Русский амаркорд. Я вспоминаю — страница 19 из 20

Пий VIII

 Такого Папу выбрать! Просто любо!

 Грешно равнять, но вылитый хахам.

 Детей, когда не слушаются мам,

 Пугать бы им – дурных учить уму бы.

 Весь в лишае, кривой, во рту ни зуба,

 И двух шагов пройти не в силах сам.

 Родню свою пристроить там и сям

 Успеет ли? Боюсь, не дал бы дуба.

 Глядите, кто наместником Христа

 Стал на земле! Какая срамота!

 Варёная мошонка с тухлым фаршем!

 Прислуга ювелира, знать, была

 Права, когда сказала: “Ну, дела!

 Такое чучело поставить старшим!”

1 апреля 1829

Е.С. Да-да, естественно. Здесь речь идёт о Пие VIII, который пробыл на папском престоле всего полтора года[88], но вообще папа у него любимый был Григорий XVI, наследник Пия. Белли сам говорил, что “столько материала мне не дал ни один другой папа”. Ну и, конечно, он очень был актуален. Причём сам Белли верующий человек был.

Первый кусочек

Который из грехов страшнее всех?

Все беды в мире отчего попёрли?

Без лишних споров побожусь, на спор ли —

Чревоугодье самый главный грех.

Всё с яблочка пошло – ну просто смех!

Через него отметина на горле

У тех, кто жив, у тех, что перемёрли, —

У всех кадык: у этих и у тех.

Да, по Адаму плакала дубина!

А Ева лучше, лакомка прамать?..

Я думаю, тебе ясна картина.

Была бы в этом мире тишь да гладь,

Так Бог Отец единственного Сына

Не стал бы на подмогу посылать.

12 ноября 1831

Е.С. Но поскольку Папа был диктатор, то Белли против него выступал как против диктатора.

А что касается “хахама”, то в следующем издании я обязательно сделаю так, как делает сам Белли.
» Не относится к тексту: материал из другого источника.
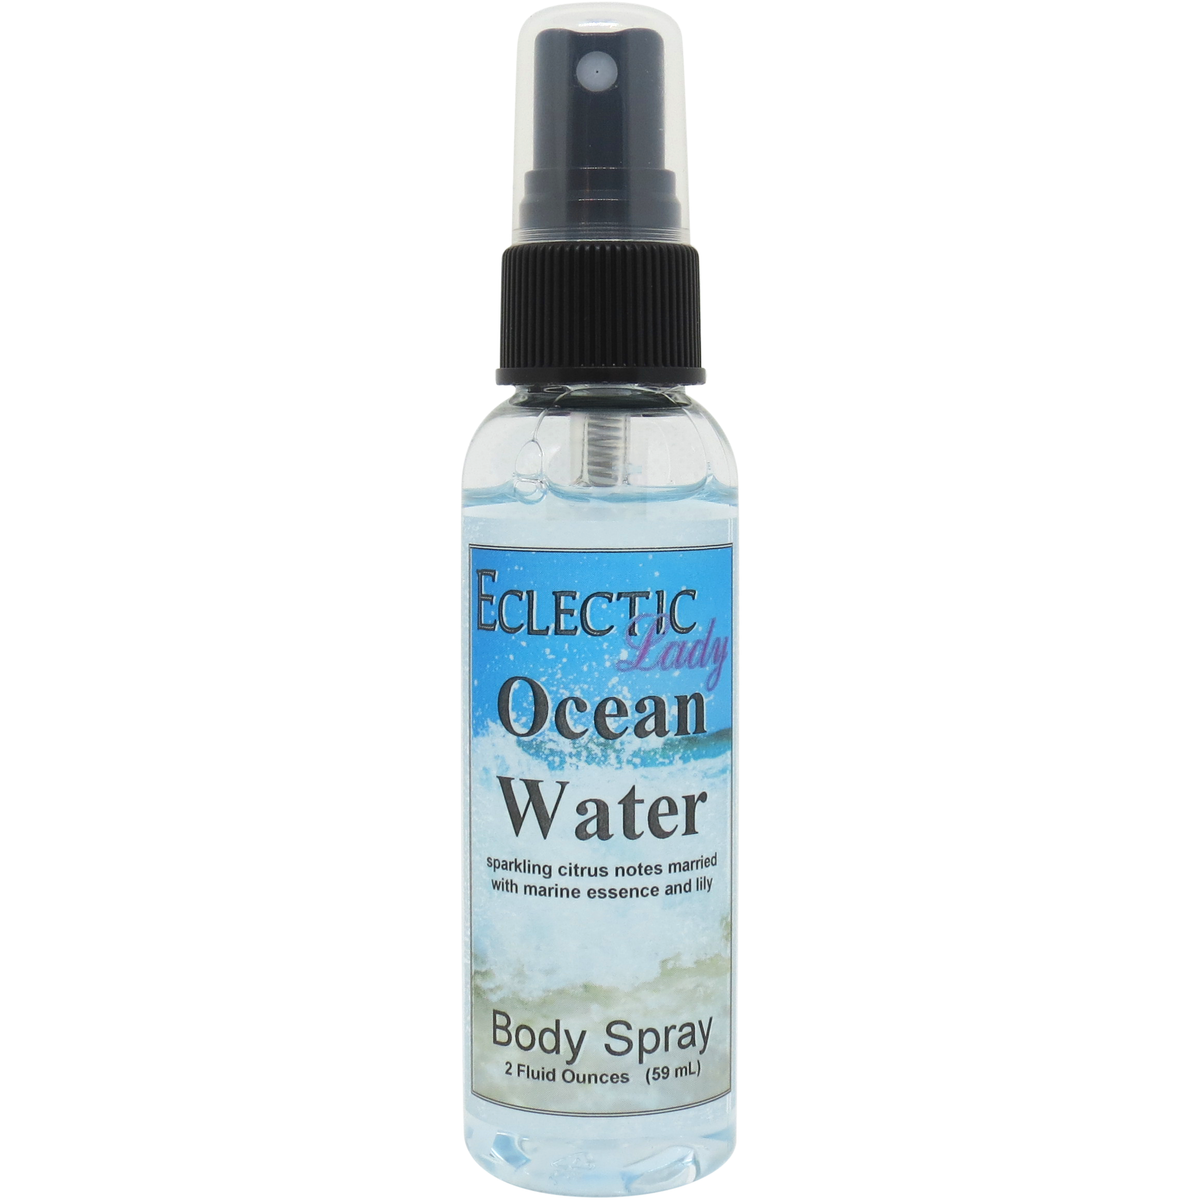 Ocean Water Body Spray, Hydrating Body Mist for Daily Use

Он его называет “cacamme” – иронизируя над созвучием с “какашкой”, “la cacca”.

М.В. Итак, вы перевели сонет про этого больного, немощного папу, прочитали в компании, все посмеялись, вздохнули – надо же, как актуально. Но почему-то на этом не остановились, а стали дальше и дальше переводить.
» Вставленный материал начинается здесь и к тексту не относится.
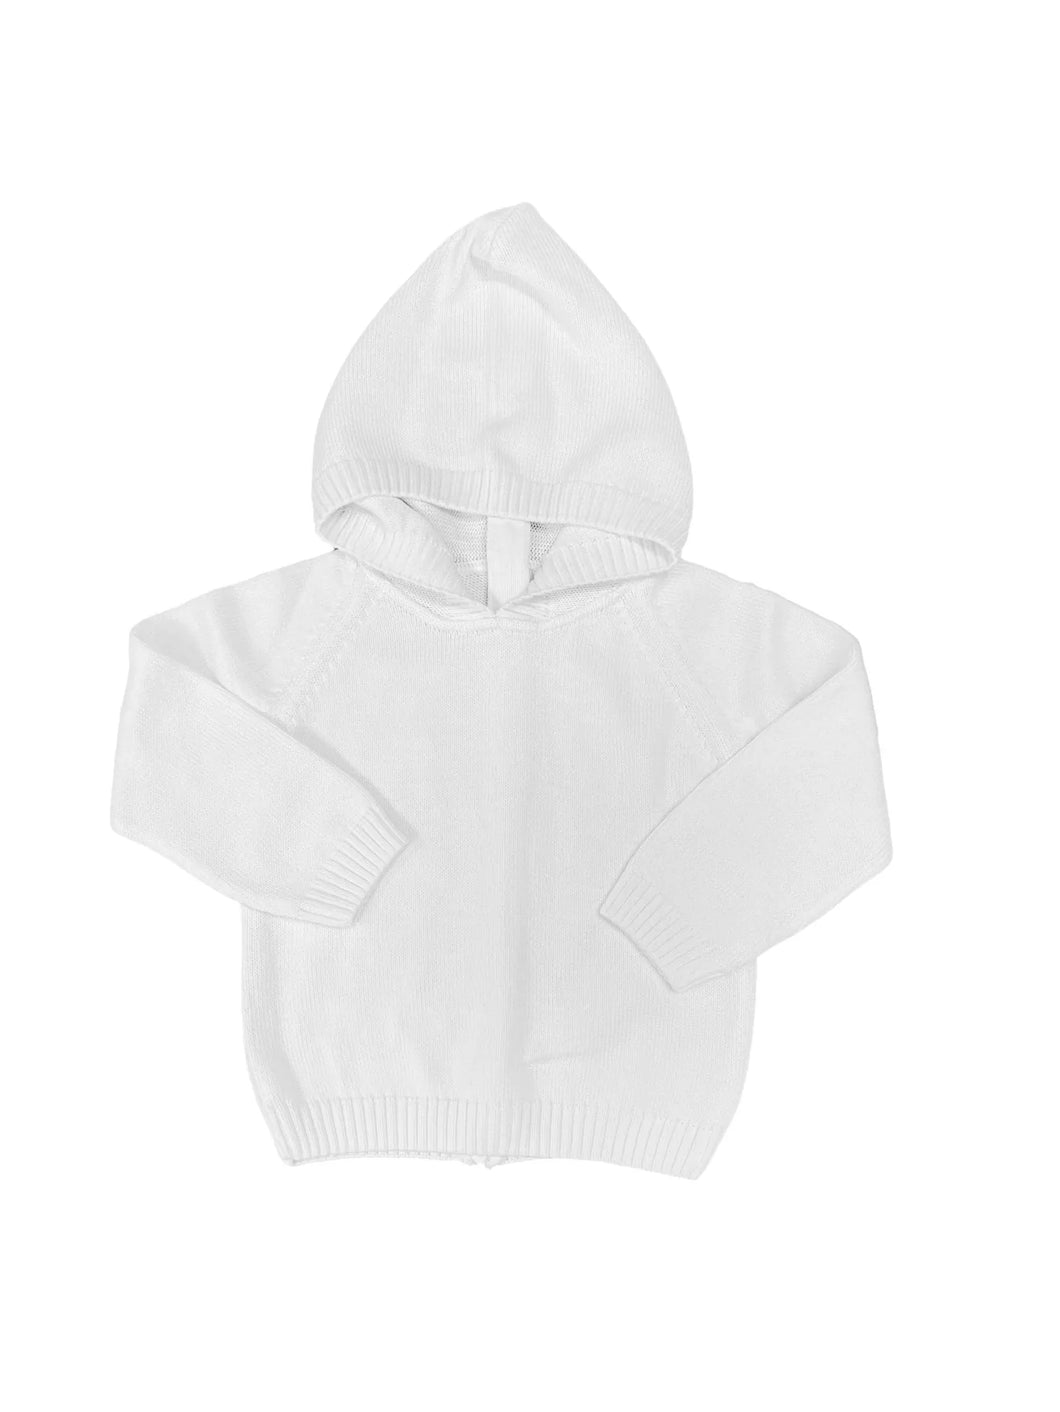 White Hooded Baby Sweater with Back Zipper

Е.С. Потому что он мне был интересен. Я шёл вслед за Белли. Предшественник Пия VIII, Лев XII, пытаясь пресечь пьяные драки в кабаках, запретил продавать в них вино. Отныне можно было – только на вынос, через окошко. Такая вот “антиалкогольная кампания”. Как было не перевести!

Ну Папа! Показать надумал хватку,

Забрал у нас, что Богом нам дано:

Распорядился продавать вино

Через окошко. Будто для порядку.

С дружками горло промочить с устатку

Спешил в трактир ещё не так давно

Работный люд – и вдруг запрещено,

Взял и поставил супостат рогатку.

Ну мог ли хуже поступить с людьми

Святейший Папа, чёрт его возьми

И мамочку его с сыночком вместе!

Понятно, слово папское – закон,

Хозяин всё же. Но подохнет он —

И снова будем пить на старом месте.

  2 октября 1831

М.В. Получается, Белли вас заинтересовал своей актуальностью? Тем, что бичует запрет на вино?

Е.С. Не своей актуальностью, а тем, как у него всё это было построено. Ну и актуальностью в какой-то степени, конечно. Когда я придумал тему “Джузеппе Джоакино Белли – русский диссидент” для всяких переводческих конференций, я как раз исходил из того, что папы были диктаторами, а у нас тоже была диктатура. Много общего. Потом Брежнев, который тоже ходил еле-еле, как Пий VIII…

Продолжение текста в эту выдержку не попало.